Nov 19, 2019 9:15 AM

The Apple Card Didn't 'See' Gender—and That's the Problem

The way its algorithm determines credit lines makes the risk of bias more acute.

A view of the windows of Goldman Sachs headquarters in New York City

The AI Database →

Application

Ethics

Personal finance

Prediction

Company

Apple

End User

Consumer

Sector

Finance

The Apple credit card, launched in August, ran into major problems last week when users noticed that it seemed to offer smaller lines of credit to women than to men. The scandal spread on Twitter, with influential techies branding the Apple Card “fucking sexist,” “beyond f’ed up,” and so on. Even Apple’s amiable cofounder, Steve Wosniak, wondered, more politely, whether the card might harbor some misogynistic tendencies.

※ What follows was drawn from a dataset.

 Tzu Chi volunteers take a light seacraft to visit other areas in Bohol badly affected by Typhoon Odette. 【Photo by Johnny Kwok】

It wasn’t long before a Wall Street regulator waded into the timeline of outrage, announcing that it would investigate how the card works to determine whether it breaches any financial rules.

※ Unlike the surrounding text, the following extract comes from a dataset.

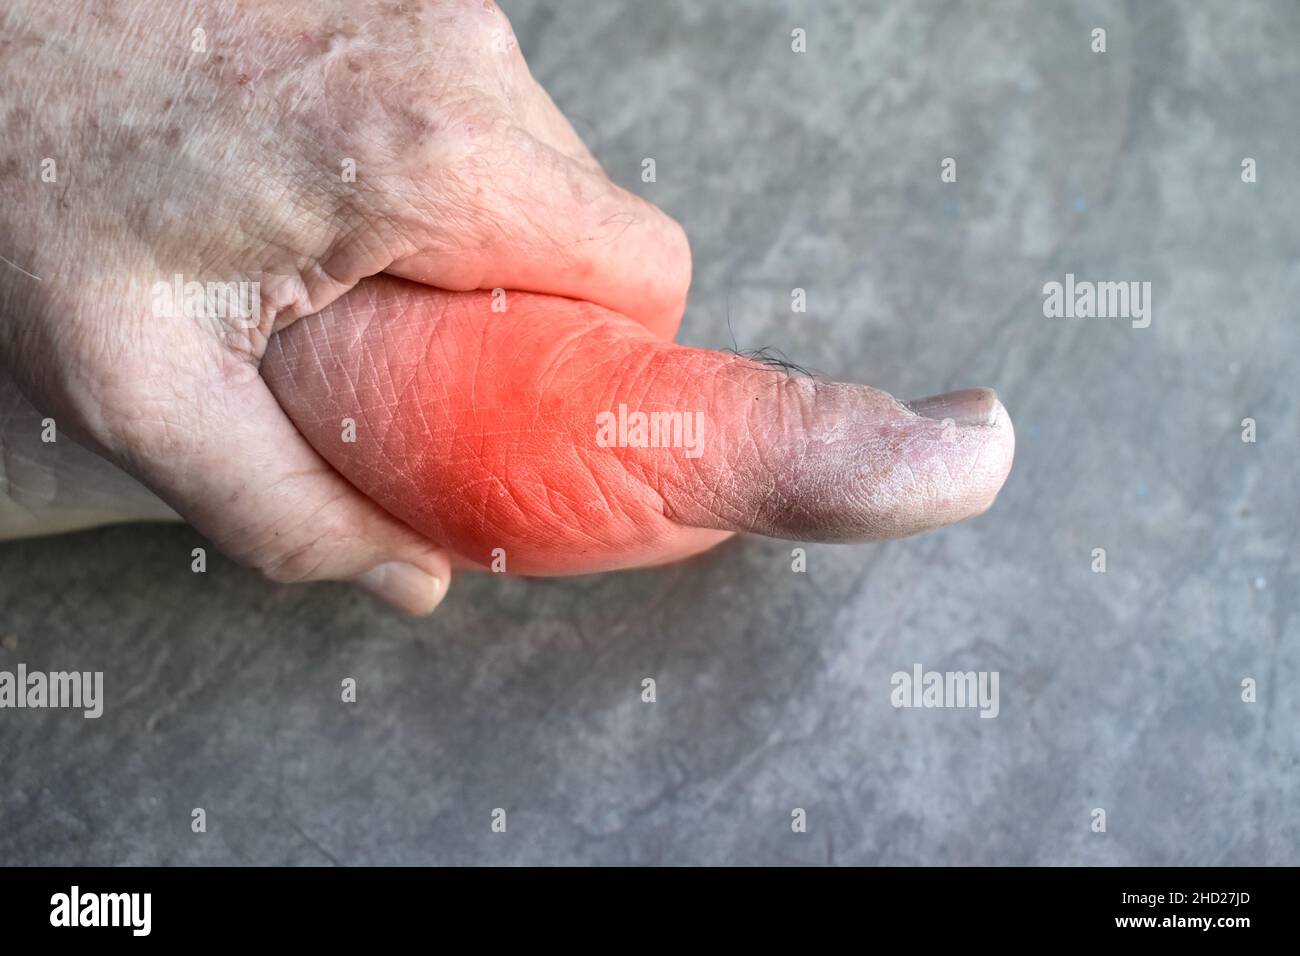 Inflammation of Asian old man’s foot. Concept of foot joint pain, arthritis, stumble, hyperuricema or gout. Stock Photo

The response from Apple just added confusion and suspicion. No one from the company seemed able to describe how the algorithm even worked, let alone justify its output. While Goldman Sachs, the issuing bank for the Apple Card, insisted right away that there isn't any gender bias in the algorithm, it failed to offer any proof. Then, finally, Goldman landed on what sounded like an ironclad defense: The algorithm, it said, has been vetted for potential bias by a third party; moreover, it doesn’t even use gender as an input. How could the bank discriminate if no one ever tells it which customers are women and which are men?

This explanation is doubly misleading. For one thing, it is entirely possible for algorithms to discriminate on gender, even when they are programmed to be “blind” to that variable. For another, imposing willful blindness to something as critical as gender only makes it harder for a company to detect, prevent, and reverse bias on exactly that variable.

The first point is more obvious. A gender-blind algorithm could end up biased against women as long as it’s drawing on any input or inputs that happen to correlate with gender. There’s ample research showing how such “proxies” can lead to unwanted biases in different algorithms. Studies have shown, for example, that creditworthiness can be predicted by something as simple as whether you use a Mac or a PC. But other variables, such as home address, can serve as a proxy for race. Similarly, where a person shops might conceivably overlap with information about their gender. The book Weapons of Math Destruction, by Cathy O’Neil, a former Wall Street quant, describes many situations where proxies have helped create horribly biased and unfair automated systems, not just in finance but also in education, criminal justice, and health care.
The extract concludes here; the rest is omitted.